Recorded data:
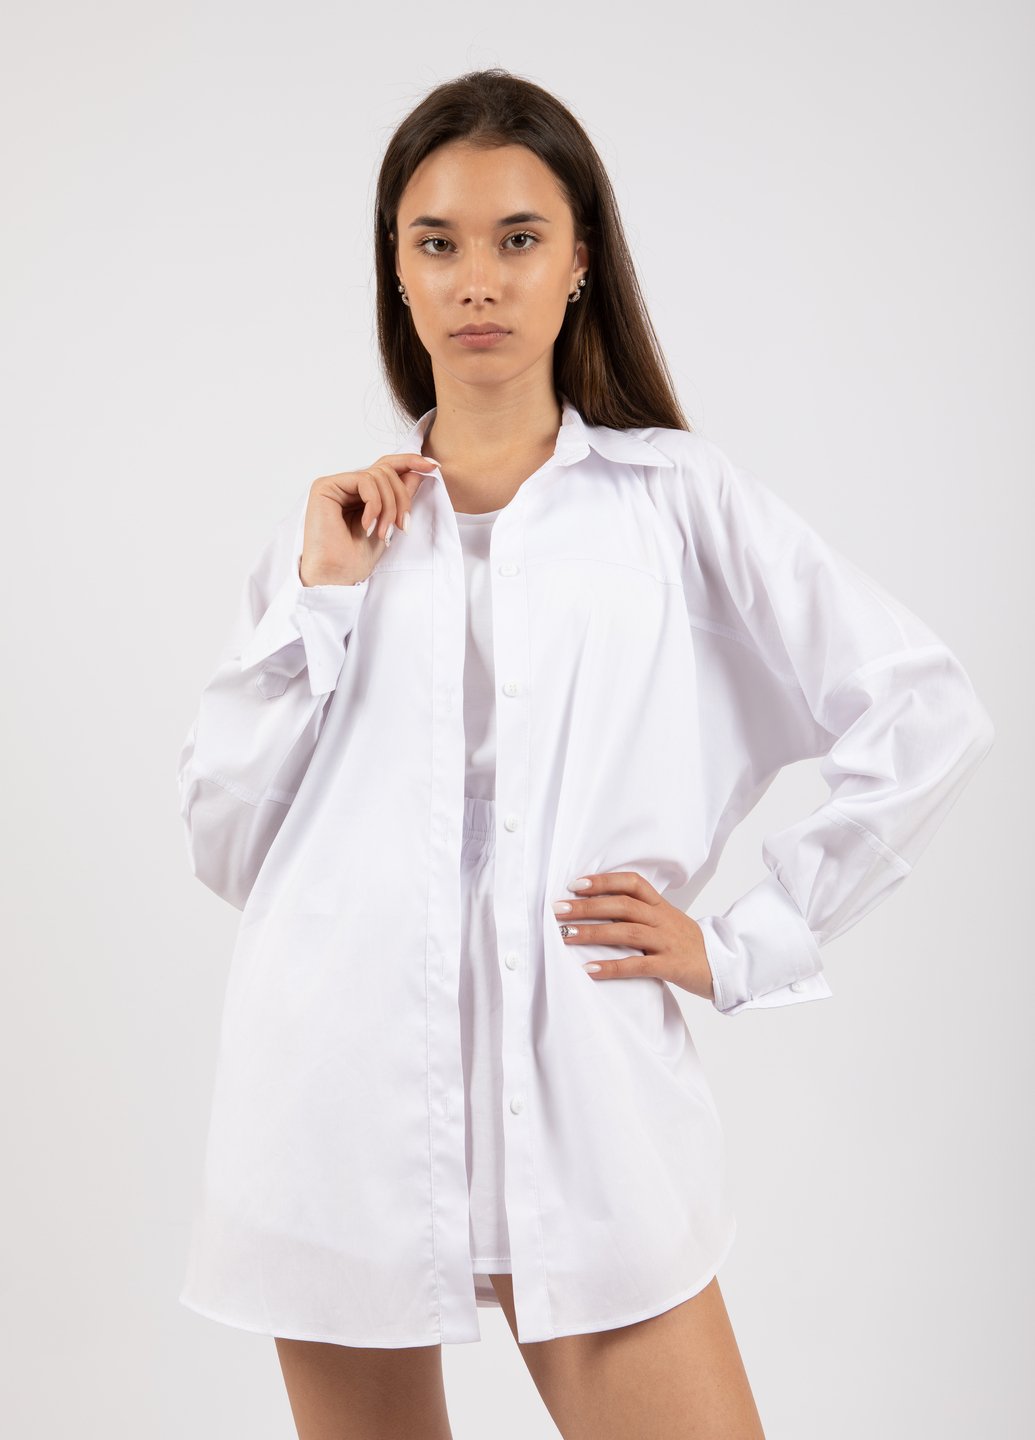 Купить Оверсайз хлопковая рубашка женская Merlini Белиз 200000035 - Белый, 42-44 в интернет-магазине
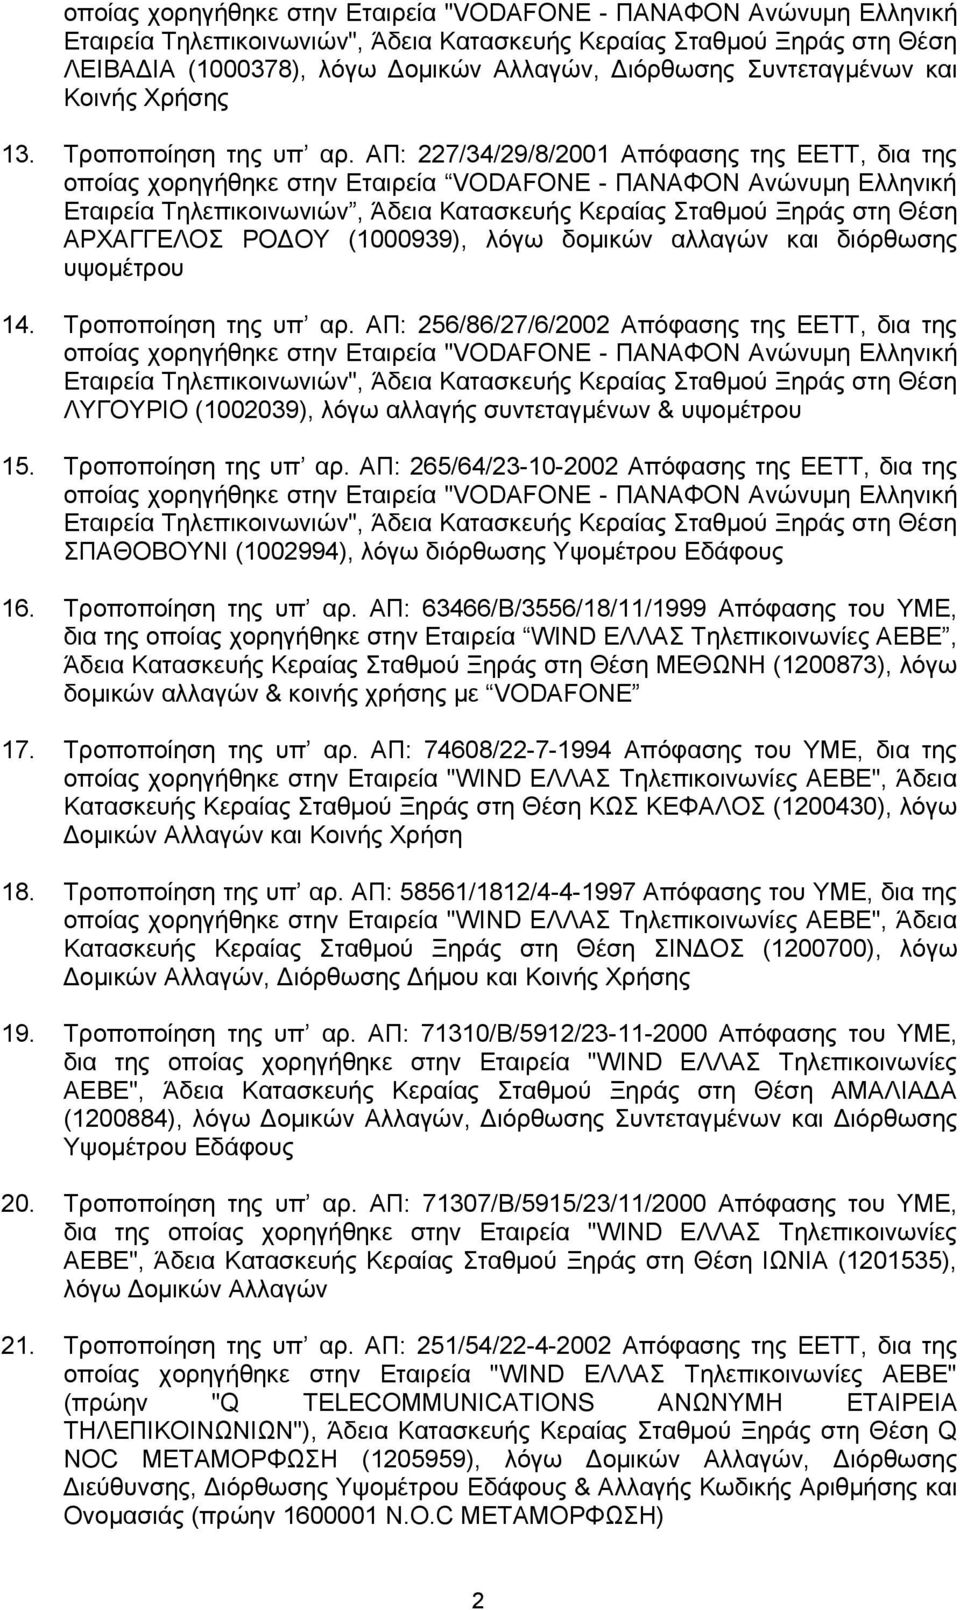 ΑΠ: 227/34/29/8/2001 Απόφασης της ΕΕΤΤ, δια της οποίας χορηγήθηκε στην Εταιρεία VODAFONE - ΠΑΝΑΦΟΝ Ανώνυμη Ελληνική Εταιρεία Τηλεπικοινωνιών, Άδεια Κατασκευής Κεραίας Σταθμού Ξηράς στη Θέση
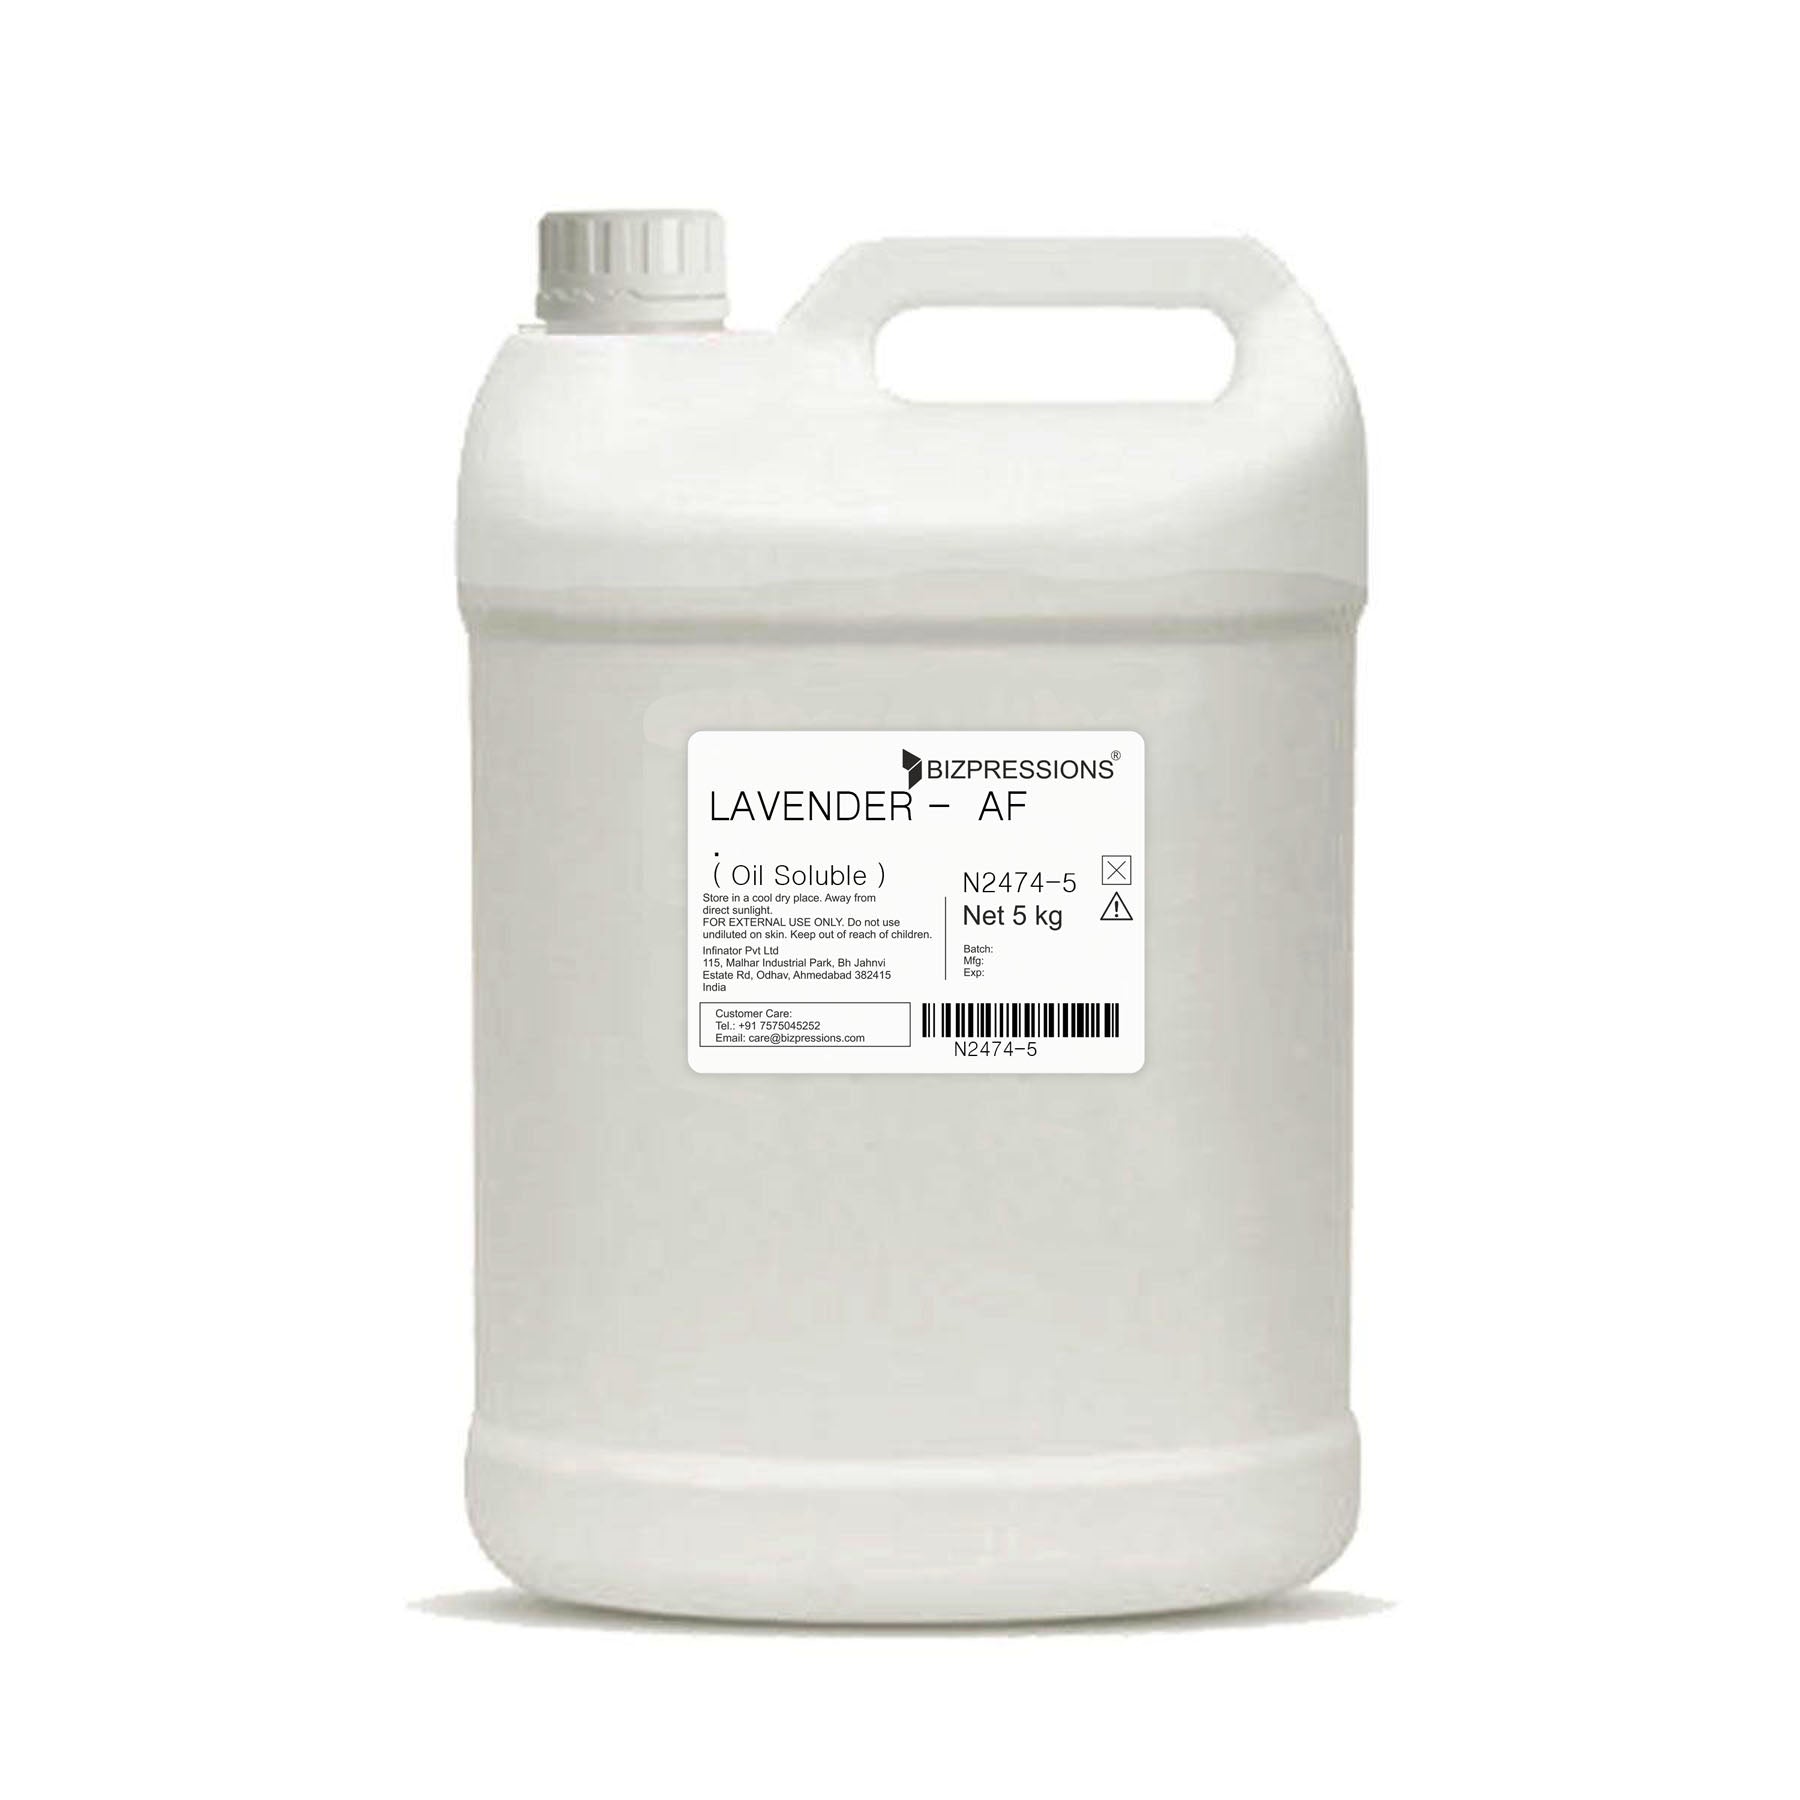 LAVENDER - AF - Fragrance ( Oil Soluble ) - 5 kg
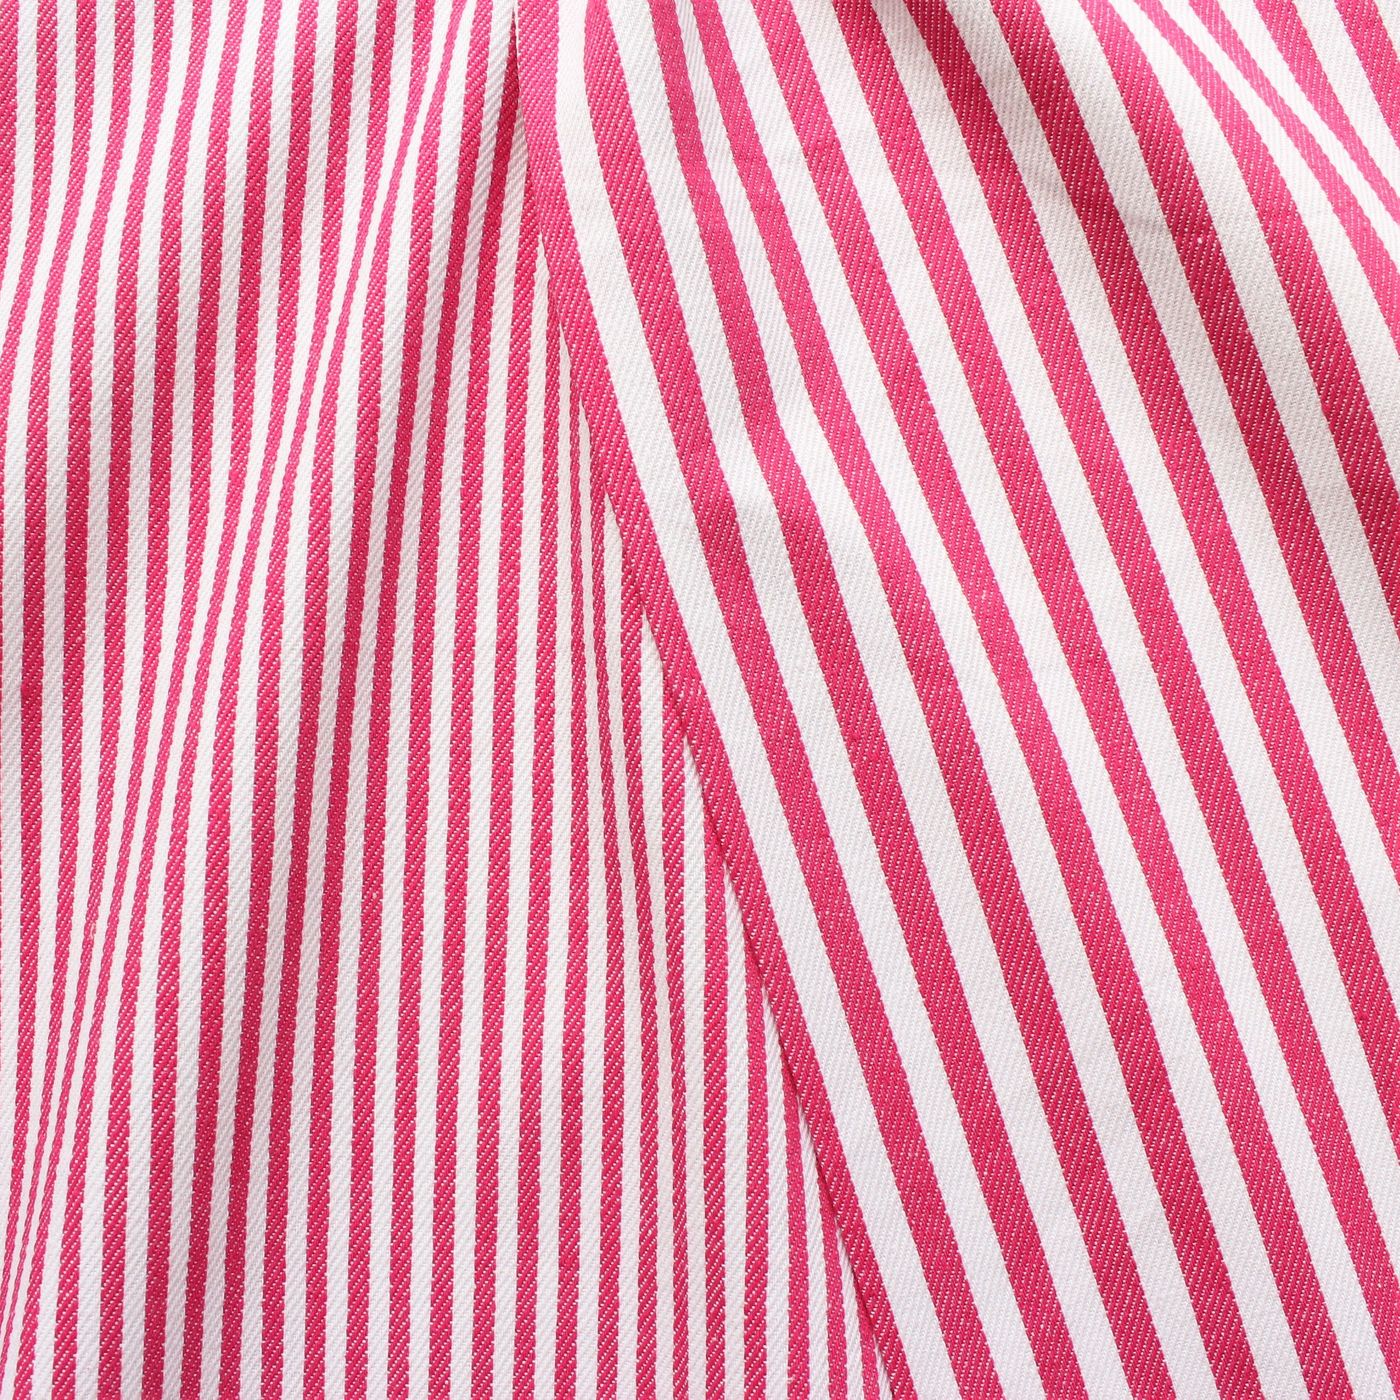 Baumwolle Denim Jeans Stoff Streifen Pink-Weiss

Task:
Write out all of the data above exactly, pictures excluded.

Your solution:
 Купить Оверсайз хлопковая рубашка женская Merlini Белиз 200000035 - Белый, 42-44 в интернет-магазине
 ΑΠ: 227/34/29/8/2001 Απόφασης της ΕΕΤΤ, δια της οποίας χορηγήθηκε στην Εταιρεία VODAFONE - ΠΑΝΑΦΟΝ Ανώνυμη Ελληνική Εταιρεία Τηλεπικοινωνιών, Άδεια Κατασκευής Κεραίας Σταθμού Ξηράς στη Θέση
 LAVENDER - AF - Fragrance ( Oil Soluble ) - 5 kg
 Baumwolle Denim Jeans Stoff Streifen Pink-Weiss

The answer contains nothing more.